Hacker News new | ask | show | jobs
by xzlzx 1857 days ago
IMO it’s a tad silly to say that the U.S. lost these wars. Can you really lose a war with a massive nuclear arsenal on your side? It’s crazy that this seems to never be mentioned.

This seems quite similar to Americans demanding their gun rights to protect themselves from the government. Well, I hate to inform you of this, but the government could out gun you since time immemorial. It’s a wild argument for gun rights.

4 comments

> IMO it’s a tad silly to say that the U.S. lost these wars. Can you really lose a war with a massive nuclear arsenal on your side? It’s crazy that this seems to never be mentioned.

An observation not lost to the ground forces. I was in the US infantry 10+ years ago. We were well trained and lethal. We had an overwhelming technological targeting advantage. We had the support of a sizeable amount of the local population that we generally stayed a few steps ahead of the lower and mid tier rungs of whatever insurgency we were fighting (Al Qaeda in Iraq [ISIS predecessor], the Taliban, whatever-local-Afghan-village-thugs-in-later-deployments). We understood the war wasn't purely militaristic in "kill counts" or territory sieged, and the lessons of irregular warfare (hearts and minds) were beaten in to us.

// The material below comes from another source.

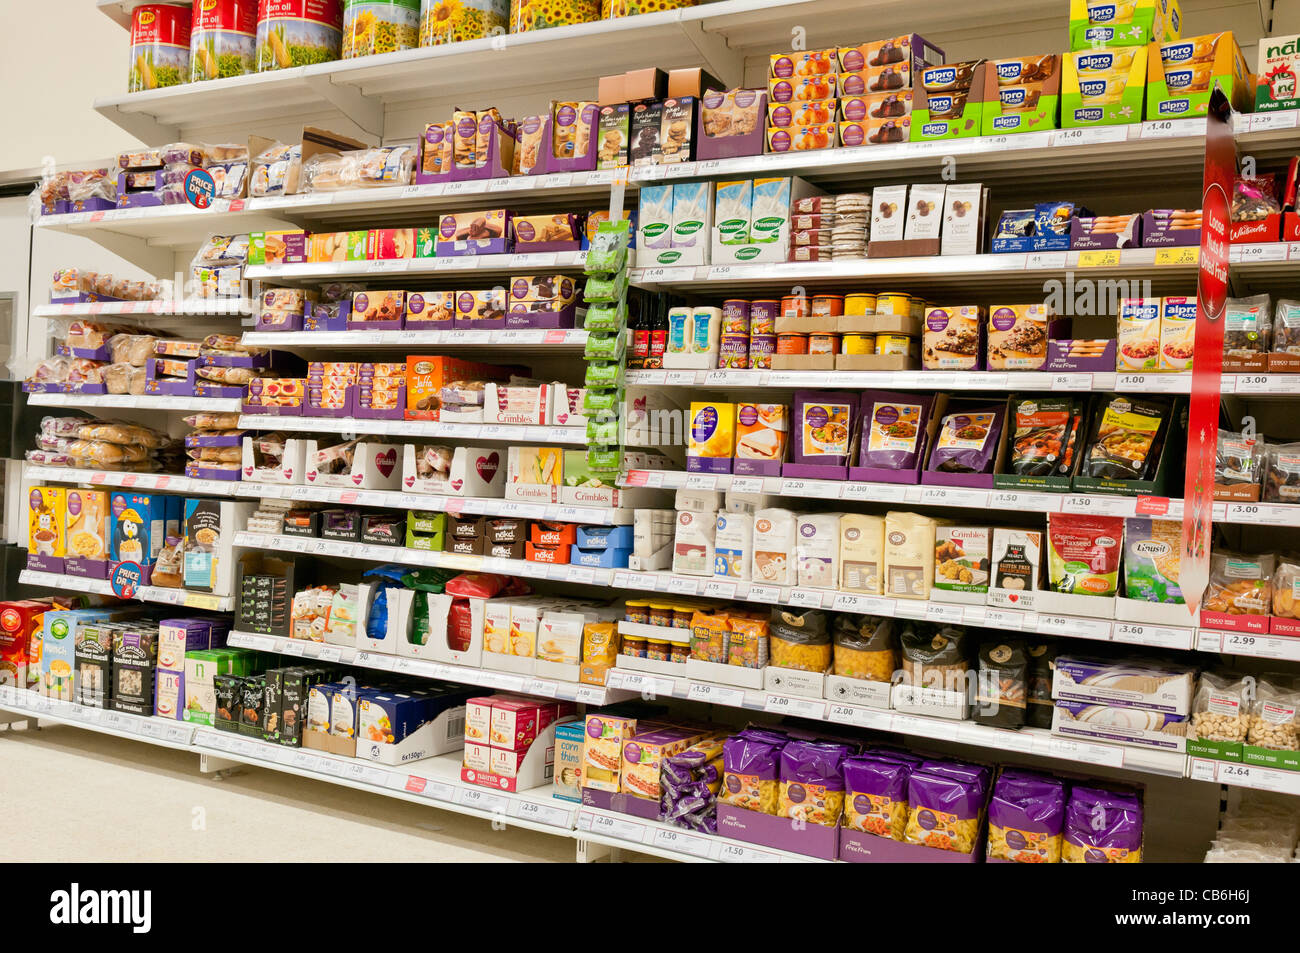 Shelves of gluten, dairy and nut free food on shelves in a Tesco store Stock Photo

The biggest issue, at least for us that actually had to kill and be shot at, was that the progressively restrictive rules of engagement (ROE) defanged us, both from lethal and willpower standpoints. There were so many nested bullet points and gotchas and just a wide breadth of rules that no person that wasn't a lawyer could keep up with it. Arbitrary things like "if you are in a gunfight with insurgents and they fall back into a cave, no matter who the insurgent is or how many casualties they were lucky to have inflicted on your forces, you absolutely cannot roll grenades into the cave." Very specific, very arbitrary, very confusing. Furthermore, it was beat into us that the full weight of the law was to fall on our heads if we screwed these things up. Which makes sense from a humanitarian point of view, but that lingering legal guillotine built in a sizeable amount of self-doubt and apprehension in us where we weren't ever sure when or if we were allowed to be lethal.

I imagine a set of ROE was drafted, and enough bureaucrats scribbled in "small edits" that the overarching sense of direction was lost in the sea of Great Ideas by Smart People and nobody with both the political clout and common sense was able to get to these revisions before they were inflicted on us on the ground. Not dissimilar to scope creep you see in software, except parties involved couldn't just vote with their feet and leave. That, and those functioning as the wars' PM's weren't as much concerned with delivering results as they perhaps were with empire building and political posturing. Just a god damn mess

Firstly, thank you for your service!

Secondly, I think you definitely hit the nail on the head when it comes to the ROE being the main limiting factor in the "effectiveness" of the US military in being able to subdue its enemies, not just in Afghanistan/Iraq, but also in Vietnam and even to some extant in Korea. It seems to be one of the weird side-effects that nukes have on armed conflicts that when you have nukes, you really can never actually "fully commit" to a conflict. (Since going "all-in" could be apocalyptic.)

One thing I have always wondered, though, is the relationship between the ROE and irregular warfare. If the military personnel on the ground had broader discretion over their actions, would help or hinder the goal of "winning hearts and minds"?

> It’s a wild argument for gun rights.

Not really, because it changes the political calculus for exactly the reasons you mentioned. If the US government wants to forcefully take over, and they aren't aligned with gun owners, they have to go through them. In that scenario its more likely they are a shade of grey evil than "lets methodically exterminate all of our citizens". In the former, gun owners standing their ground would be a major political hurdle.

I'd actually argue pro gun rights are a bit silly because those same parties aren't pro encryption / privacy. So they give up the tools they'd need to defend themselves (encryption) from all but the most direct assault. And I'd consider a soft assault by violating their privacy much more plausible.

How can you “win” a war when the other country can press a single button and eliminate 100% of the people in your country?
Well, bring it down to the personal level - that's like losing a fistfight but comforting yourself that you could go and burn the other person's house down any time because you have a tank full of gasoline at home. I mean, you could, but that wouldn't unbloody your nose.
Because they won’t hit that button. Just look at how Vietnam won.
"Can you really lose a war with a massive nuclear arsenal on your side?"

How is that usefull unless you are willing to commit genocide?